The Supreme Court’s recent decision in West Virginia v. EPA has left many clean energy advocates with more questions than answers. Depending on who you ask, West Virginia is either a long-overdue check against Environmental Protection Agency (EPA) overreach or a devastating blow to the Biden administration’s climate agenda. Whatever the merits of the decision, the long-term impact of West Virginia on the biofuels industry will not be fully apparent for some time. Near-term, however, there’s a strong case to be made that the West Virginia decision only elevates the importance of the Renewable Fuel Standard (RFS) as the best tool for EPA to address climate change, given the clear and compelling directive from Congress to expand low-carbon biofuels.
Background on West Virginia v. EPA
West Virginia dealt with EPA’s authority to regulate greenhouse gas (GHG) emissions from power plants. Under the Clean Air Act, EPA is required to establish “performance standards” for certain pollutants from power plants that incorporate the “best system of emissions reduction” or BSER. Under the Obama administration’s Clean Power Plan (CPP), EPA determined that the BSER for power plants included both onsite technologies and “generation shifting" – essentially requiring power plants to cut output, build or invest in alternative power sources, or purchase emissions credits under a “cap-and-trade” scheme.
The Court held that because the CPP would have a transformative effect on the nation’s power sector, it raised a “major question” that EPA could not implement without clear congressional authorization. The Court also determined that EPA could not make decisions of “vast economic and political significance” based on sections of the Clean Air Act that, in the Court’s view, represented a vague “backwater.” In short, the Court held that EPA could force power plants to choose better technologies for cleaning up power plants, but not push them to change fuels or shut down.
Impact of West Virginia on biofuels industry
Fortunately, West Virginia does not directly limit EPA’s authority on biofuels. Unlike some statutes, the RFS provides clear direction from Congress when it comes to combating climate change through renewable fuels. For 17 years, the RFS stood the test of time and reshaped the entire transportation fuel sector. It explicitly directs EPA to “ensure” annual renewable volume obligations (RVOs) are blended into our nation’s transportation fuels. It also empowers EPA to determine which entities are required to satisfy those obligations and establishes clear deadlines to implement these directives.

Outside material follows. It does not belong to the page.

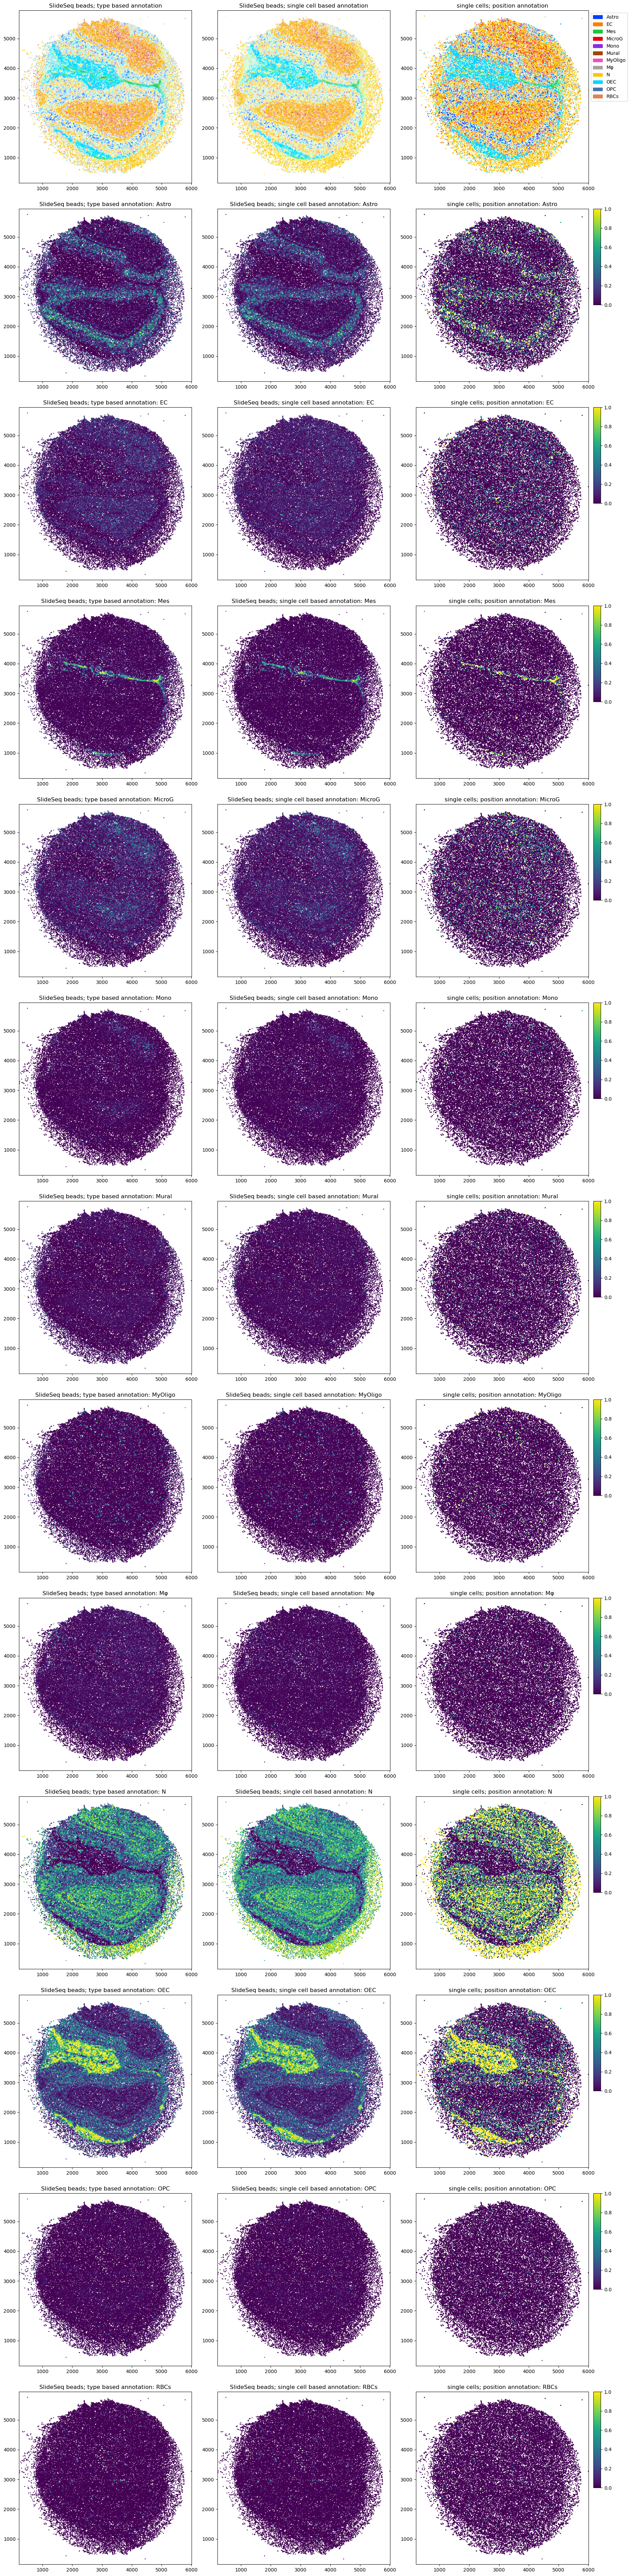 ../_images/notebooks_mapping_single_cells_into_space_26_0.png

Other impacts of West Virginia
In other areas of climate change regulation, the West Virginia decision may give challengers powerful ammunition against EPA authority. For example, the major questions doctrine announced in West Virginia could fuel cases against EPA’s waiver of federal preemption of California’s Advanced Clean Car program, EPA’s light-duty vehicle GHG emission regulations, and the U.S. Securities and Exchange Commission’s recent GHG disclosure rule.
Moving Forward on Clean Energy

It is much more difficult to argue that the “major questions” doctrine stands in the way of continued progress for biofuels under the RFS. If anything, EPA has more authority starting in 2023. Until now, Congress provided EPA with specific numerical targets for biofuel blending. Starting in 2023, however, EPA is required to move beyond those volumes, establishing RVOs through a "Set" based on six factors that include climate change, rural economic development, and energy security.
As a result, even in the wake of West Virginia v. EPA, the Biden administration has a well-established tool that requires no further action by Congress to decarbonize the nation’s transportation fuels. That’s good news for rural workers and farmers across the U.S. who are ready to end the nation’s reliance on expensive fossil fuels.

Joe Kakesh is General Counsel at Growth Energy, the nation's largest association of ethanol producers and supporters.